HR 18 december 2015, ECLI:NL:HR:2015:3635

Wanneer partijen in hun echtscheidingsconvenant bewust zijn afgeweken van de wettelijke maatstaven, kan de rechter de alimentatie slechts wijzigen indien vanwege gewijzigde omstandigheden ongewijzigde instandhouding daarvan niet kan worden gevergd. Deze inbreuk op de wijzigingsbevoegdheid van art. 1:401 lid 1 BW strekt echter niet verder dan ingevolge de afspraken tussen partijen gerechtvaardigd is. De gevolgen van een bewuste afwijking ten aanzien van specifieke punten dienen zich dan ook niet verder uit te strekken dan ten aanzien van die punten zelf.
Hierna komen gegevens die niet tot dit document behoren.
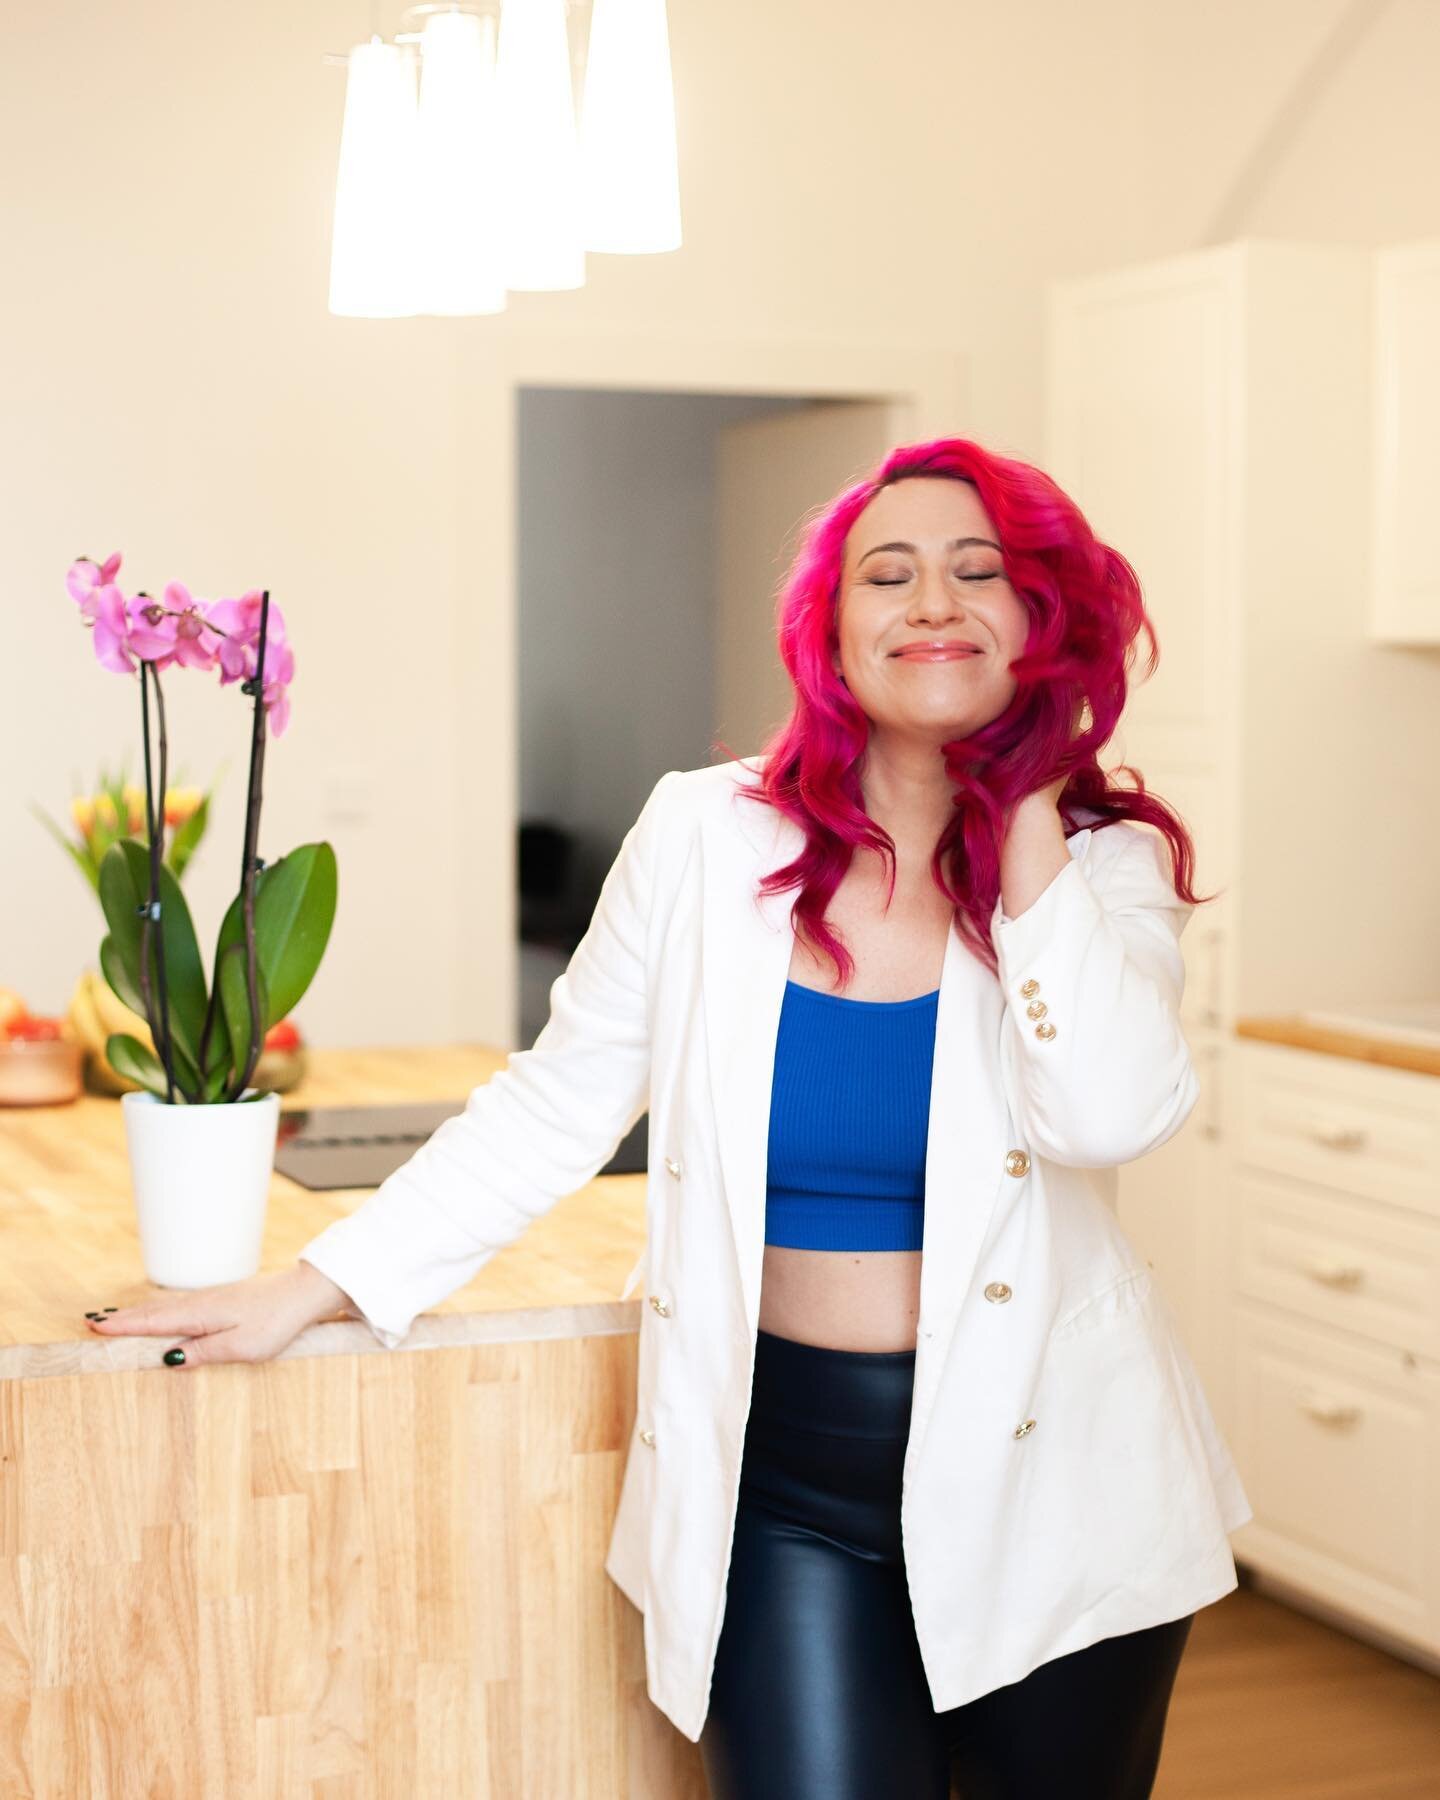 Reintroducing myself on IG to share a glimpse into my journey.

I'm Mariko, former 'Pink Hair Chef' from Los Angeles. My recipes were everywhere from @perezhilton to @forbes and my celebrity clientele included @jaredleto @diddy @davidlynchfoundation.

Alimentatie-afspraken afwijkend van de wettelijke maatstaven

Ex-echtelieden plegen in hun echtscheidingsconvenant zelf afspraken te maken over de alimentatie. Vaak zullen zij bij de bepaling daarvan aansluiten zoeken bij de wettelijke maatstaven. Deze wettelijke maatstaven[1] bieden geen concrete handvatten, anders dan dat de contouren van de alimentatie gevormd worden door de behoefte van de alimentatiegerechtigden enerzijds en de draagkracht anderzijds.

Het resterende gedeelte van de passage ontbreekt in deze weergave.